Reforma administrativa: comissão pode iniciar votação nesta terça (14)

O relatório do parecer da reforma administrativa, do relator Arthur Maia, mantém a estabilidade e exclui a experiência como etapa de um concurso público

Victor Meira | victor@jcconcursos.com.br
Publicado em 14/09/2021, às 11h31

Deputado Arthur Maia, relator da PEC da reforma administrativa
Agência Câmara

A comissão especial da Câmara dos Deputados pode iniciar a votação da PEC da reforma administrativa (Proposta de Emenda à Constituição) nesta terça-feira (14). Os deputados já estão reunidos e debatendo o parecer do relator, o deputado Arthur Oliveira Maia (DEM-BA). Vale lembrar que o relatório foi entregue por Maia no dia 1º de setembro.

Além de hoje, há reuniões marcadas para discutir o texto nos dias 15 e 16 de setembro, às 9h, no plenário 13. A expectativa da base governista é concluir a votação na comissão para enviar a PEC para o plenário da Câmara. 
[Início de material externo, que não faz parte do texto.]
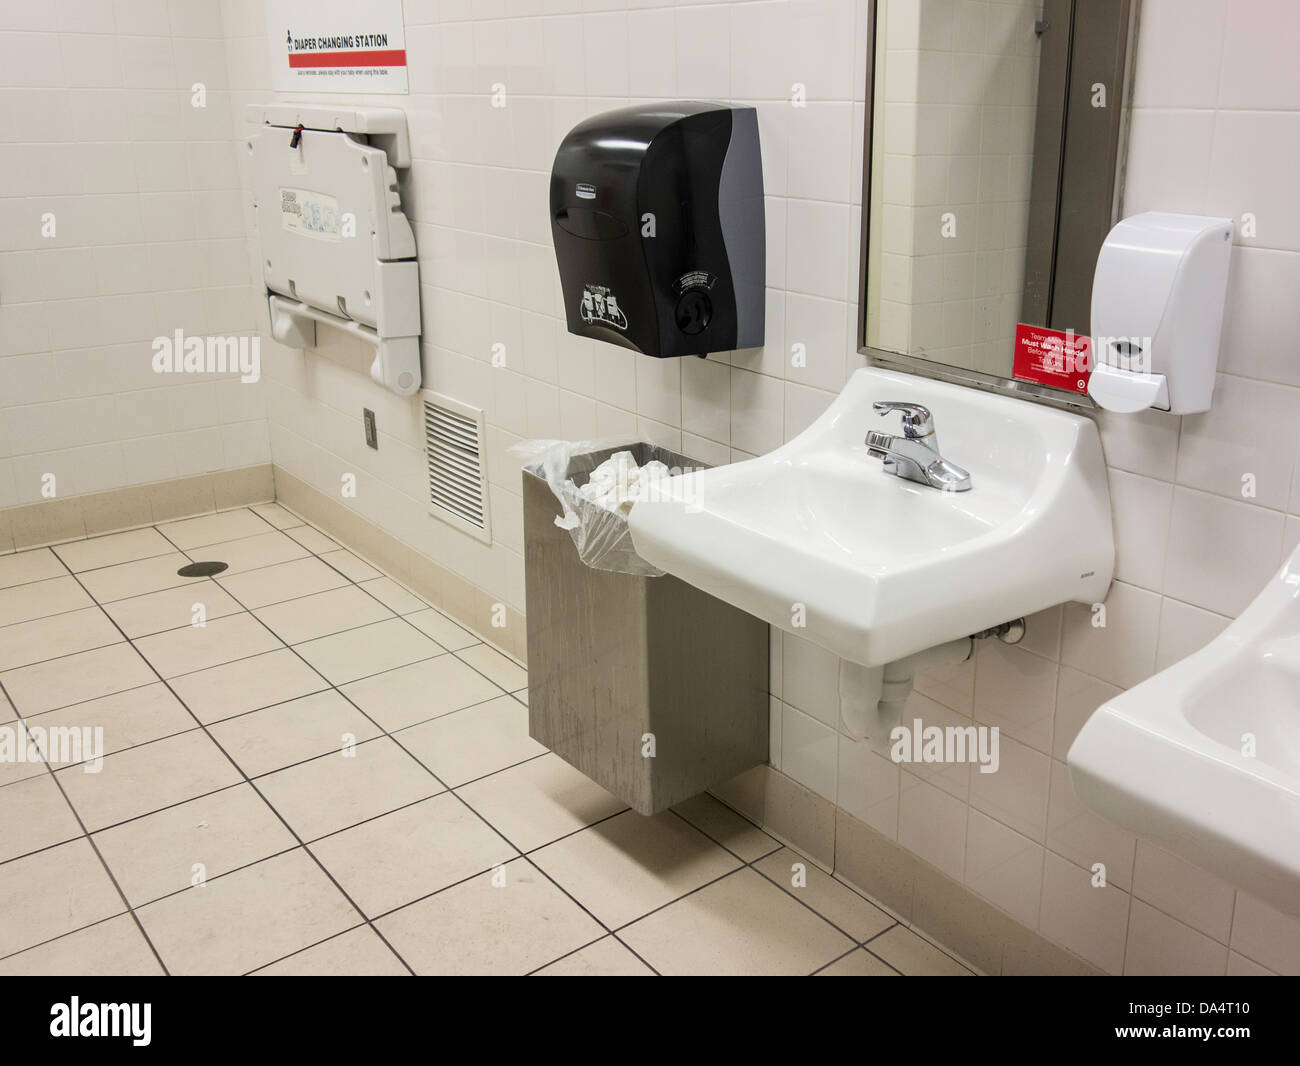 Öffentliches Bad in einem Einkaufszentrum, Toiletten, Seifenspender und Spiegel. Oklahoma City, Oklahoma, USA. Stockfoto

No relatório de Maia, a estabilidade para todos os servidores públicos foi mantida, mas ele permitiu o desligamento de funcionários alocados em cargos considerados obsoletos. Outro trecho relacionado ao mundo do funcionalismo público é em relação a exclusão da possibilidade de vínculo de experiência como uma etapa de concursos públicos. Além disso, a reforma administrativa encerra com as vantagens para detentores de mandatos eletivos e ocupantes de outros cargos.

O texto também assegura a preservação de direitos de servidores admitidos antes da publicação da futura emenda constitucional.

Deputados de diferentes partidos elogiaram a preservação de direitos dos servidores atuais e a manutenção da estabilidade no serviço público. No entanto, eles também questionaram alguns dispositivos, como os que permitem a ampliação de contratos temporários, o fim de vantagens a determinadas carreiras e a realização de convênios de cooperação que permitem a prestação de serviços públicos pela iniciativa privada.

A proposta já passou pela Comissão de Constituição e Justiça e de Cidadania (CCJ) da Câmara, onde teve a admissibilidade aprovada. Depois que tiver sua análise concluída na comissão especial, o texto seguirá para o Plenário, onde precisa ser votado em dois turnos. Em seguida, será encaminhado para o Senado.